### Source material
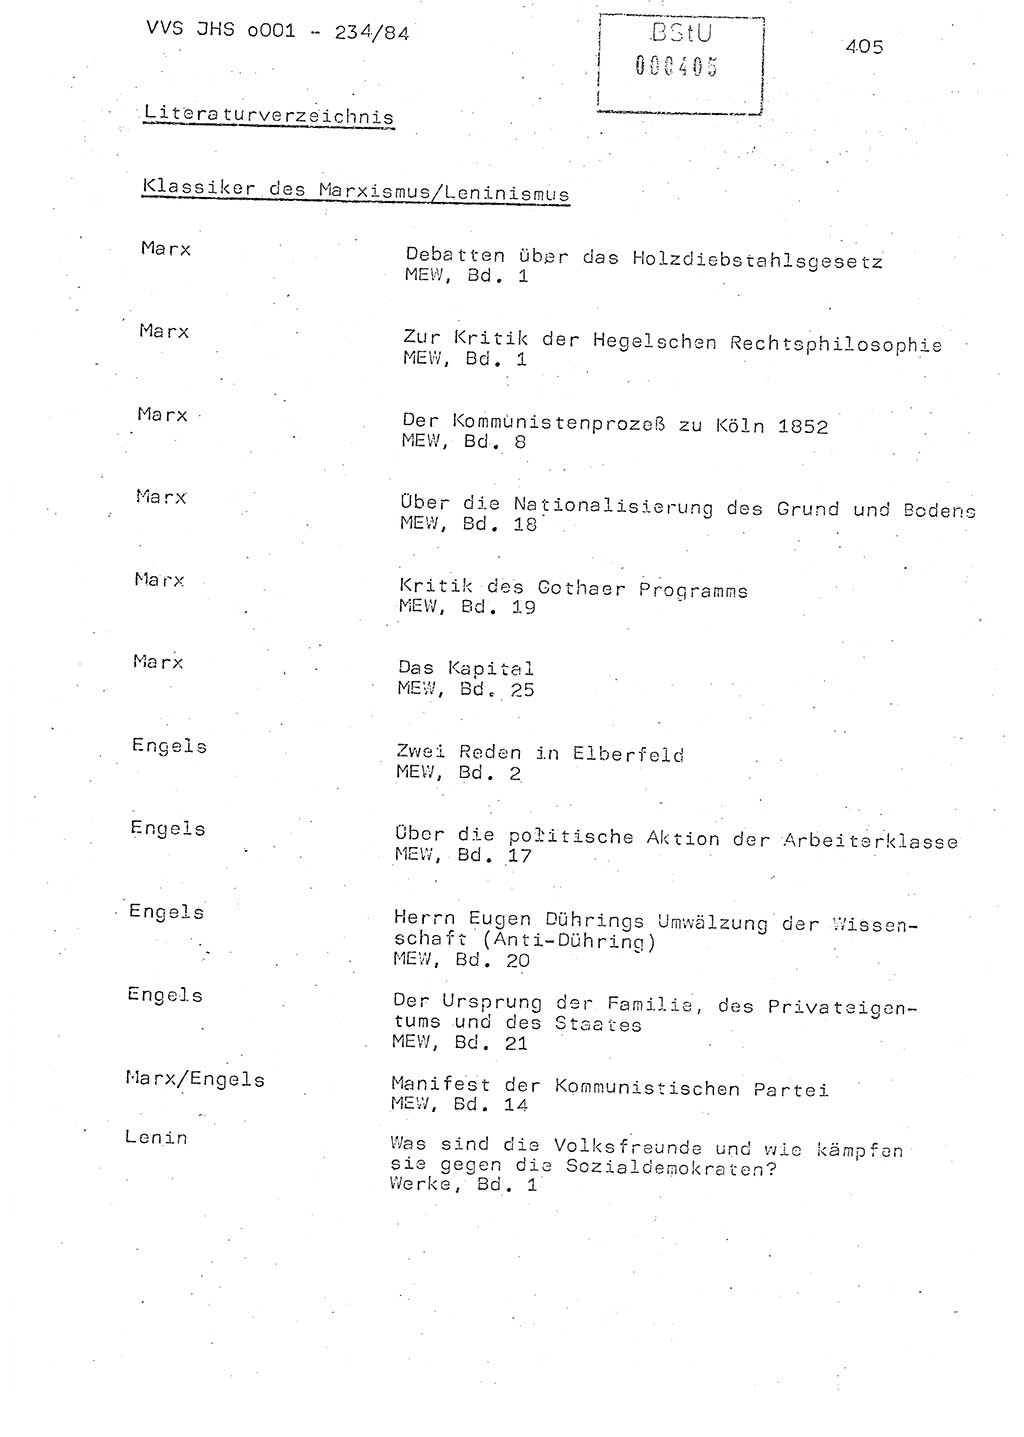 Dissertation Oberst Siegfried Rataizick (Abt. ⅩⅣ), Oberstleutnant Volkmar Heinz (Abt. ⅩⅣ), Oberstleutnant Werner Stein (HA Ⅸ), Hauptmann Heinz Conrad (JHS), Ministerium für Staatssicherheit (MfS) [Deutsche Demokratische Republik (DDR)], Juristische Hochschule (JHS), Vertrauliche Verschlußsache (VVS) o001-234/84, Potsdam 1984, Seite 405 (Diss. MfS DDR JHS VVS o001-234/84 1984, S. 405)
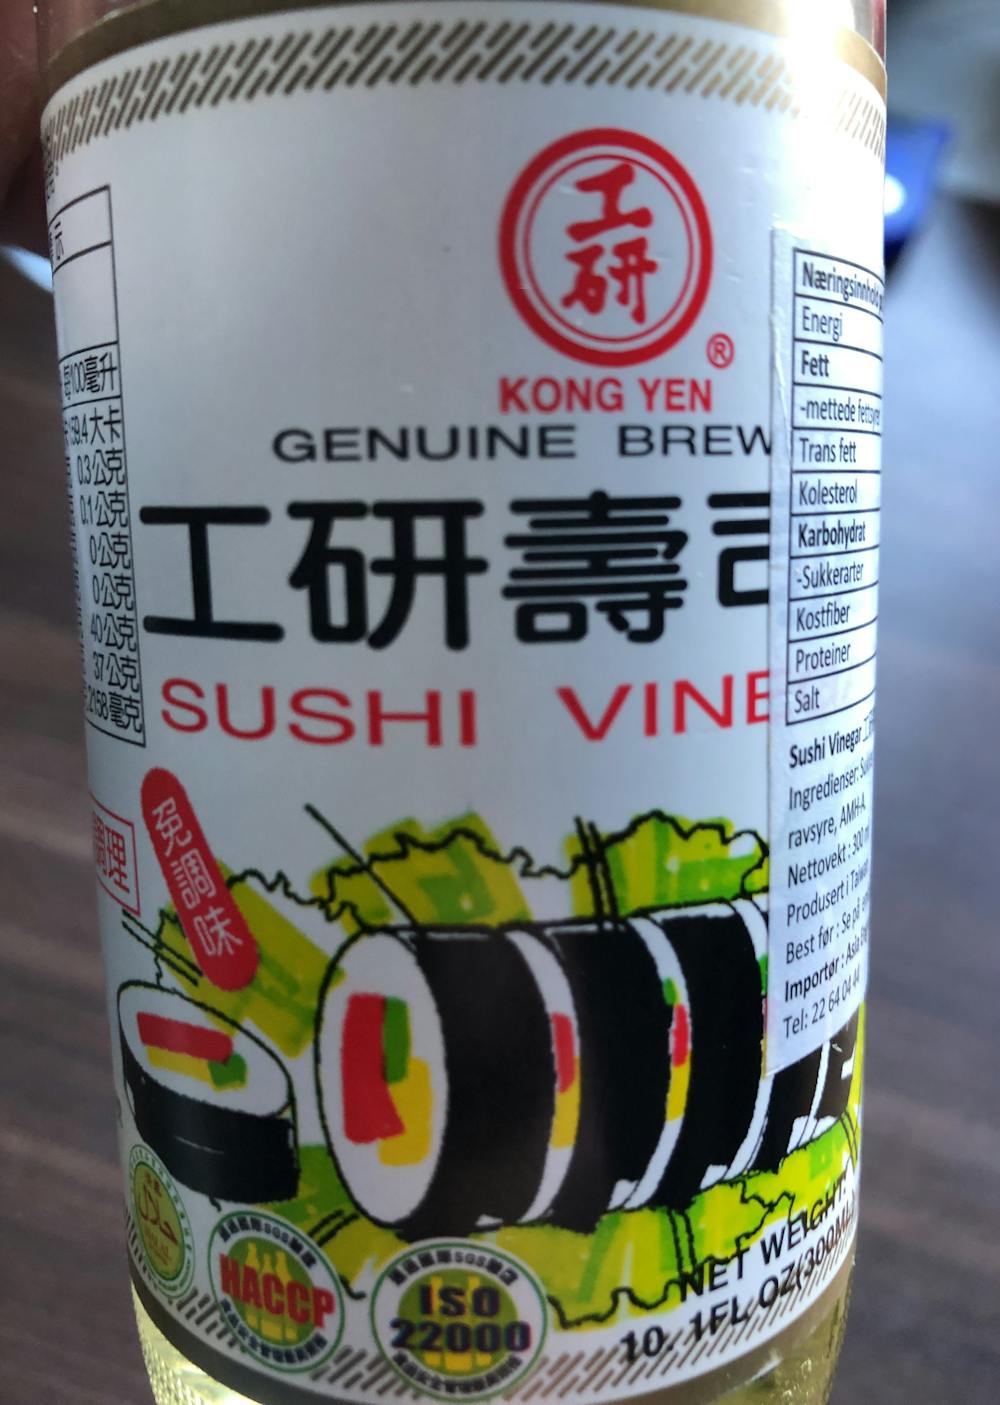 Sushi vinegar, Kong yen
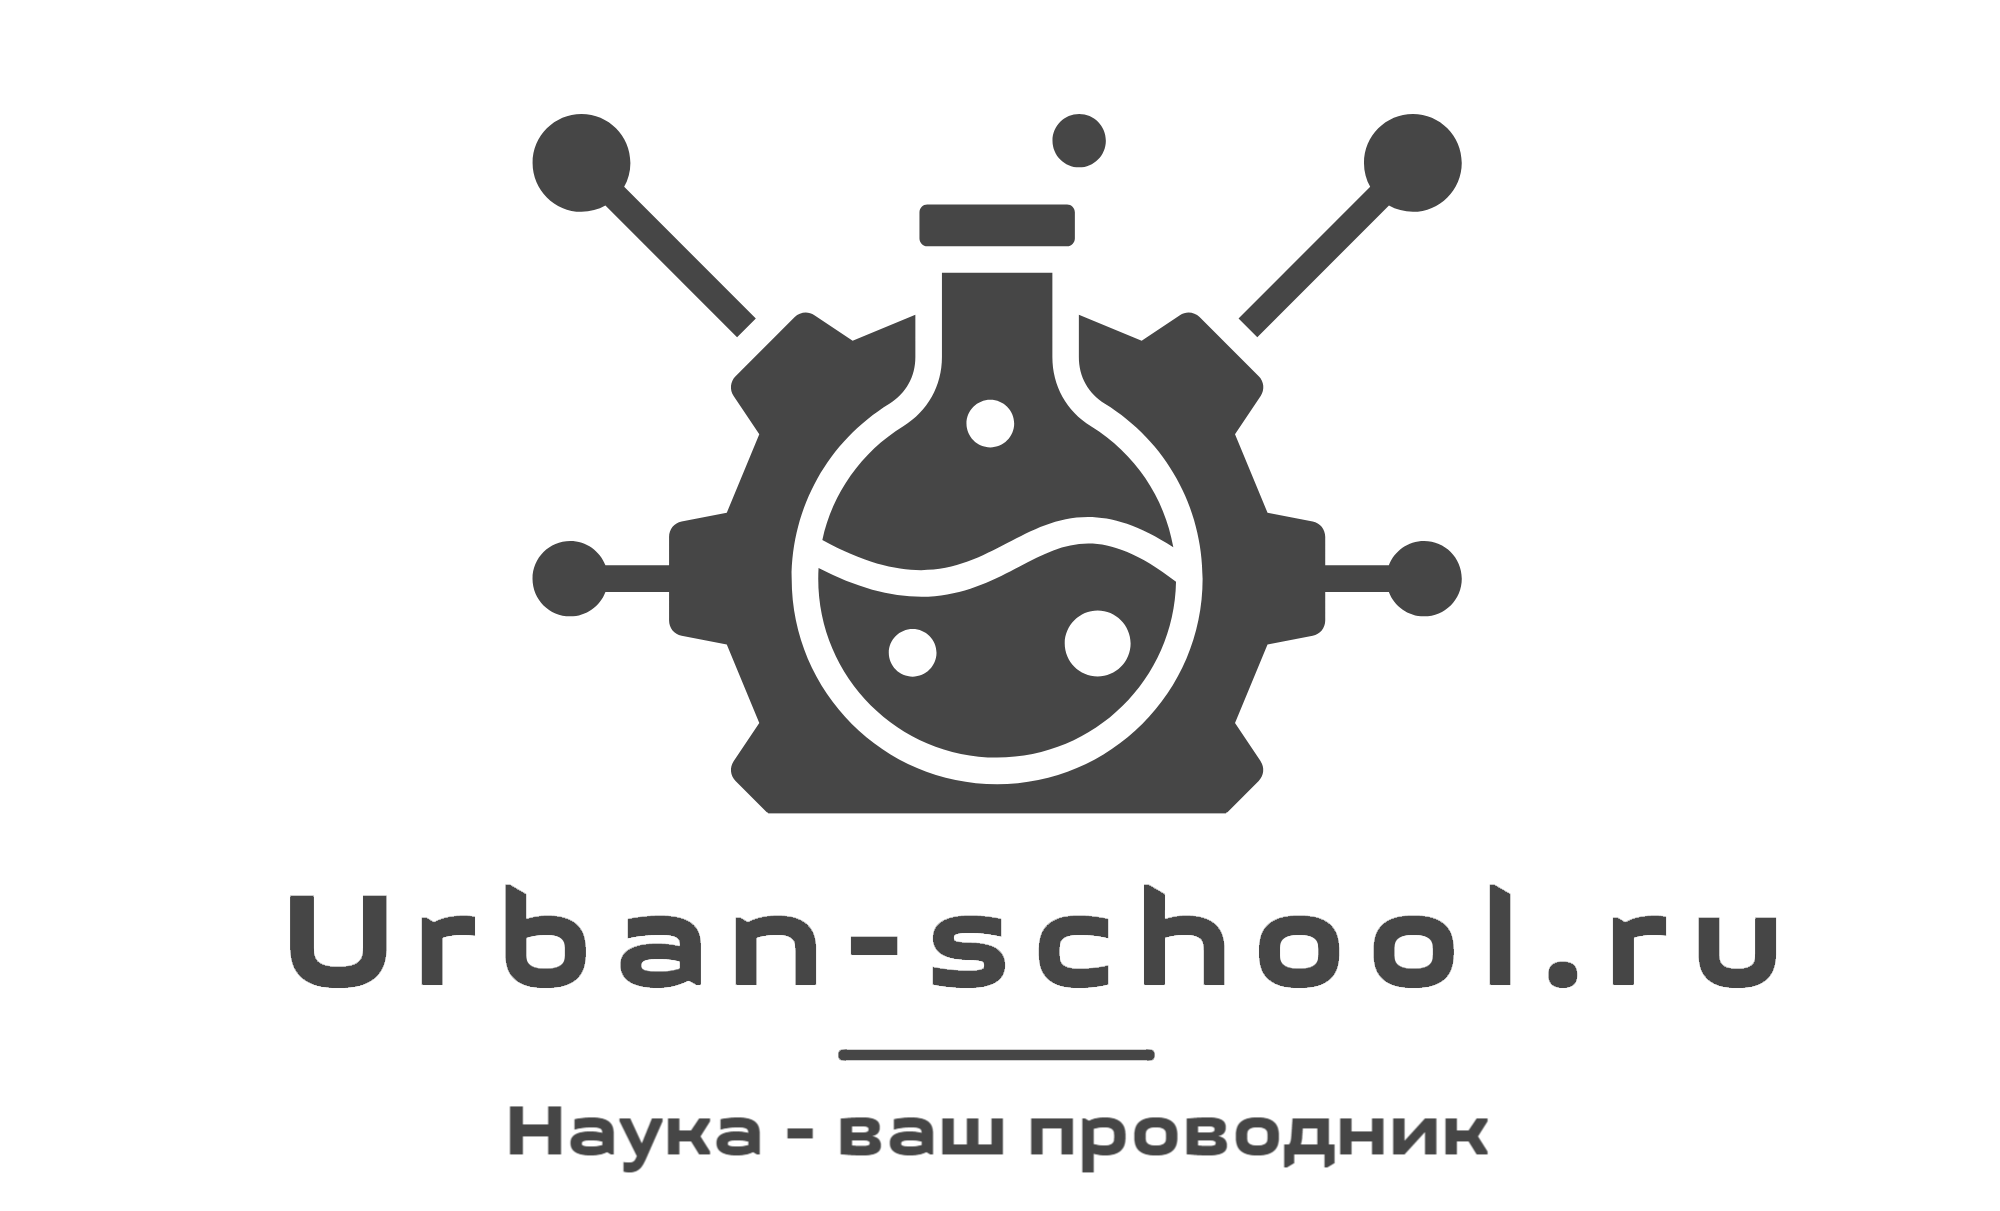 Urban-school.ru

### Aim of the exercise
Images are not wanted in the copy. Please print the material above exactly.

### Answer for the task
 Dissertation Oberst Siegfried Rataizick (Abt. ⅩⅣ), Oberstleutnant Volkmar Heinz (Abt. ⅩⅣ), Oberstleutnant Werner Stein (HA Ⅸ), Hauptmann Heinz Conrad (JHS), Ministerium für Staatssicherheit (MfS) [Deutsche Demokratische Republik (DDR)], Juristische Hochschule (JHS), Vertrauliche Verschlußsache (VVS) o001-234/84, Potsdam 1984, Seite 405 (Diss. MfS DDR JHS VVS o001-234/84 1984, S. 405)
 Sushi vinegar, Kong yen
 Urban-school.ru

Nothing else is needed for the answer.